THE FOURTH international puppet festival, organised by the Bratislava Puppet Theatre (Bratislavské bábkové divadlo, BBD) between June 16 and 19 was dedicated to the work of the Grimm brothers.

An Italian group offered an ephemeral Snow White. (Source: Courtesy of BBD)

THE FOURTH international puppet festival, organised by the Bratislava Puppet Theatre (Bratislavské bábkové divadlo, BBD) between June 16 and 19 was dedicated to the work of the Grimm brothers.

Organiser Ján Brtiš told the TASR newswire that the festival commemorated the 225th birthday of Wilhelm Grimm. Wilhelm and his brother Jacob are widely recognised as the most renowned collectors of folk tales in history.

The festival brought together puppeteers from all across Europe.
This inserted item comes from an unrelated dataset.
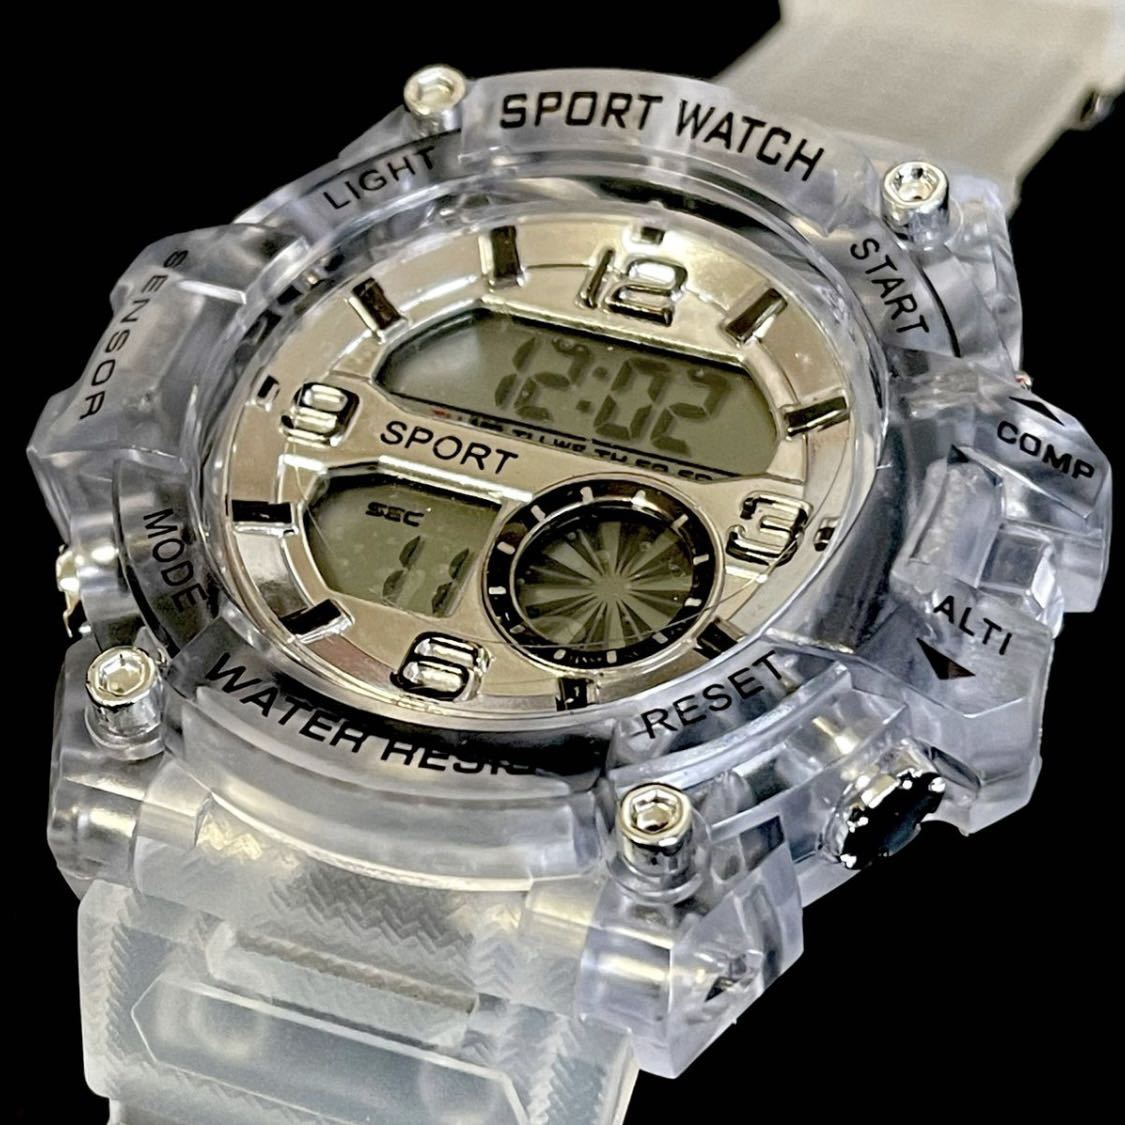  new goods SPROT WATCH digital watch Bick face men's wristwatch clear

From among 28 applications from 21 countries, the organisers invited 11 ensembles from the Czech Republic, Hungary, Slovenia, Russia, Bosnia and Herzegovina, Italy, Germany and Slovakia.

“The artistic interpretations varied, from classic Russian, through improvisational styles to the Italian performance, modified into contemporary story,” said Dušan Štauder, the artistic director of BBD. The performances were held in the BBD theatre as well as in the garden of the Prešporok Mansion and the Academy of Performing Arts.

BBD spokesperson Lujza Kittlerová told The Slovak Spectator that the biggest successes which drew the largest audiences were the marionette theatre of Dresden with its version of “The Brave Little Tailor”, a Slovenian ensemble performing “Sleeping Beauty”, the Czech theatre called Buchty a loutky presenting “The Golden Goose” and the Ivanovsk Regional Theatre from Russia offering “The Grimm’s Tales”. An Italian modernisation, called Bianca e Neve (White and Snow) was aimed more at adults than small children as this version of Snow White was rather ephemeral, a secret dream more about inaccessible beauty and jealousy than a person.

An interesting – and slightly confusing – feature was the two-sided auditorium with viewers sitting facing each other on both sides of the puppet stage. The festival attracted both children and adults and students from Hungarian, German and Russian language schools were invited to the performances.